The Use of Electroanatomical Mapping to Facilitate Redo Ablation of an Accessory Pathway

Dr Stuart Tan, Mr Jonathan Sibley & Dr Stuart Harris
Dept of Electrophysiology, Essex Cardiothoracic Centre, Basildon and Thurrock NHS Trust.

Radiofrequency ablation is established as an effective and safe treatment of narrow complex tachycardia.  Evidence shows that acute success is in the region of 90-95% and if so it has a 90-95% cure rate.  [1]In the minority of case where recurrence does occur redo procedures are very often successful.  The de-facto method is to utilise conventional mapping and fluoroscopy to find earliest activation points and perform ablation.  We present the case of a redo SVT ablation where we chose to employ electroanatomical mapping systems to facilitate mapping and ablation.


Mr SR is a 49 year of man who presented with evidence on 12L ECG of regular narrow complex tachycardia.  He has a history of palpitations stretching back for 15 years with episodes of sudden onset lasting up to 30 minutes.   Baseline ECG showed no evidence of pre-excitation and he continued to have symptoms despite therapy with Sotalol.  He was taken forward for EPS +/- ablation.

At EPS a standard four wire study was performed with a decapolar catheter in the coronary sinus (CS) and three quadripolar catheters placed at the high right atrium (HRA), His position and the right ventricular apex (RVA).  During formal electrophysiological testing retrograde conduction was clearly non-decremental with CS 9-10 leading.  Anterograde testing was decremental with no evidence of pre-excitation.  Tachycardia was initiated after programmed stimulation in the atrium with proximal CS leading.  Pacing manoeuvres were performed; atrial reset was observed with His-synchronous VPBs.  The tachycardia spontaneously changed between left and right bundle branch block with a change in tachycardia cycle length.  This was all consistent with pathway mediated orthodromic AVRT.

The accessory pathway was mapped during tachycardia both on the right side in the region of the proximal CS and also in the left atrium via trans-septal puncture.  The earliest signals were seen in the proximal CS and ablation here terminated tachycardia and resulted in decremental retrograde conduction on testing.  Thus ablation of a Right sided Postero-Septal Accessory Pathway was acutely successful.

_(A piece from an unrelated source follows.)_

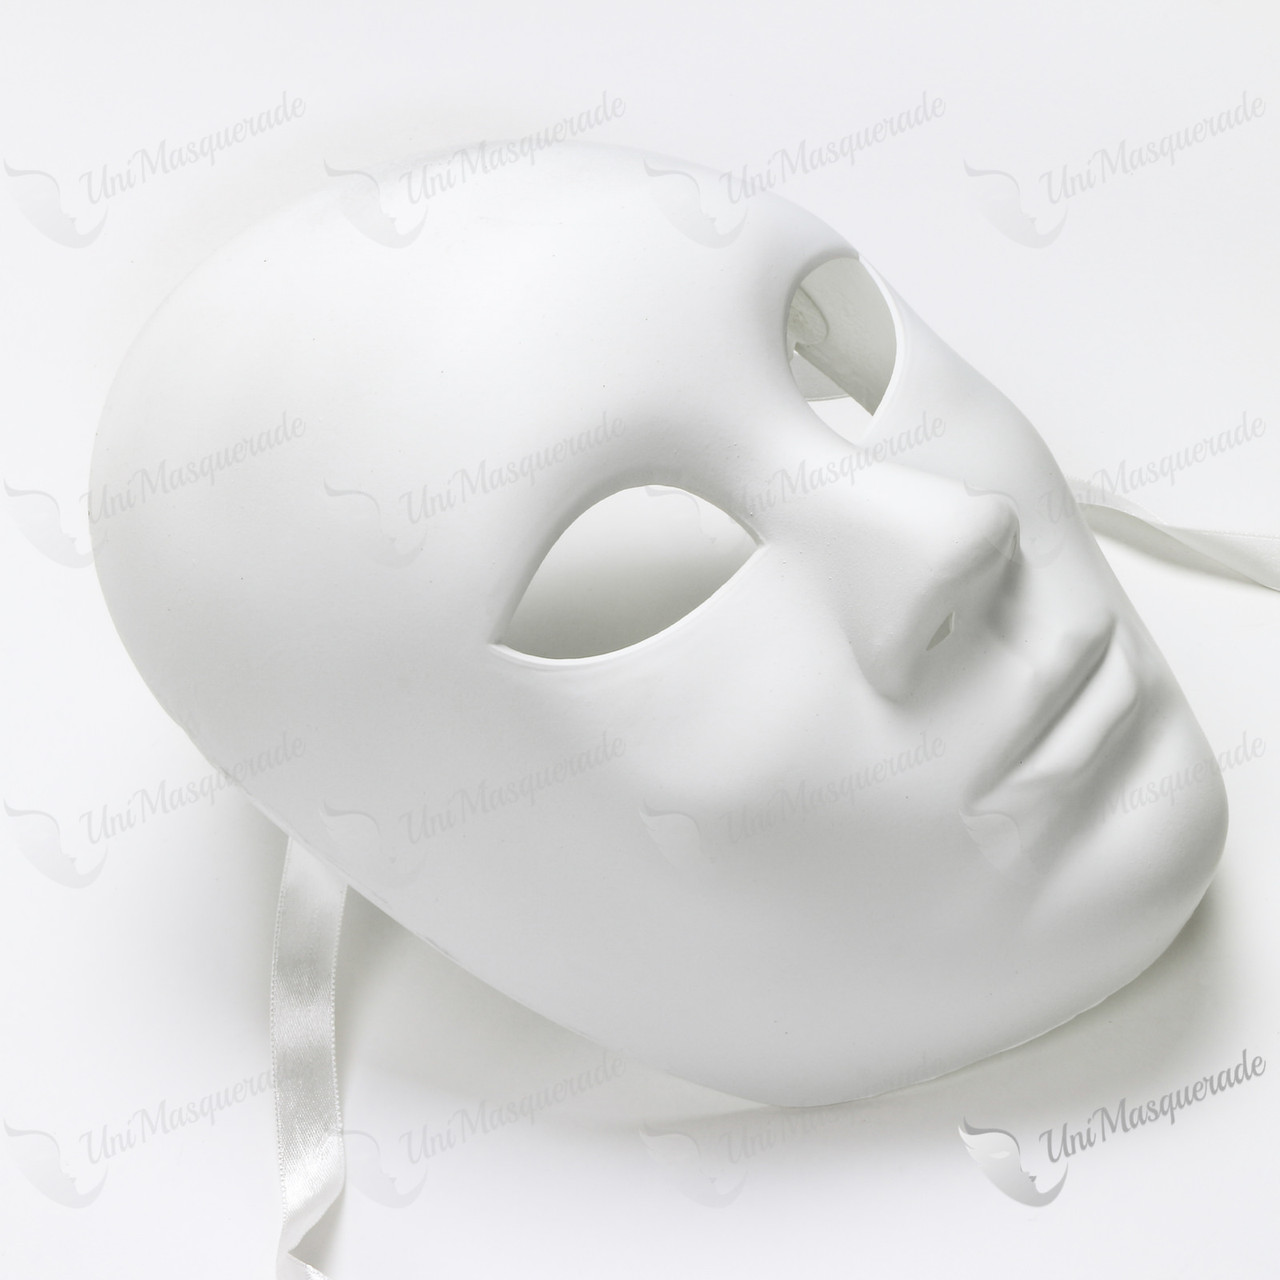 Volto venetian face mask (blank white) Type A

Mr SR suffered recurrent symptoms 10 days after ablation and after consultation in clinic came forward for a redo procedure.  Again orthodromic AVRT was demonstrated on EPS and following conventional mapping energy was once again delivered in the region of the proximal CS. 

Mr SR remained well for 18 months but began to suffer palpitations once more.  He was brought back to the EP lab for a third procedure and this time we elected to use electroanatomical mapping with CARTO3 to allow us to create an accurate activation map and locate his current pathway.   He was in sinus rhythm at the start of the case and programmed stimulation from the ventricle showed non-decremental conduction with His A leading (figure 1).  During further retrograde testing tachycardia was induced again with His A leading  (figure 2).  Hissynchronous ventricular beats caused clear atrial reset consistent with a pathway (figure 3).  Using CARTO 3 we mapped around the right atrium creating a local activation map (figure 4).  The earliest signal was seen in the postero-septal region distant from but not very far from the His bundle which we had previously marked on our map.  Radiofrequency energy was delivered in sinus rhythm and retrograde block of the pathway was demonstrated (figure 5)


As this was a second redo case we felt if we used CARTO it would improve our chances of achieving long term success.  The use of CARTO in this case allowed us to very accurately map the atrial insertion of the AP during tachycardia.  We created a dense activation map with over 60 points in a small area of the right atrium.  We were conscious that on fluoroscopy our catheter marking His looked very close to the ablation catheter both in LAO and RAO projections but the electroanatomical map gave us confidence that as well as not seeing His electrograms we were definitely away from the AV node.  The activation map would also theoretically allow an operator to deliver RF to the area shown to have earliest activation were the pathway to become physically “bumped” whereas during conventional mapping this would not be possible. 

Figure 1

Figure 2

Figure 3

Figure 4

Figure 5

  1. Blomstrom-Lundqvist, C., et al., ACC/AHA/ESC guidelines for the management of patients with supraventricular arrhythmias--executive summary: a report of the American College of Cardiology/American Heart Association Task Force on Practice Guidelines and the European Society of Cardiology Committee for Practice Guidelines (Writing Committee to Develop Guidelines for the Management of Patients With Supraventricular Arrhythmias). Circulation, 2003. 108(15): p. 1871-909.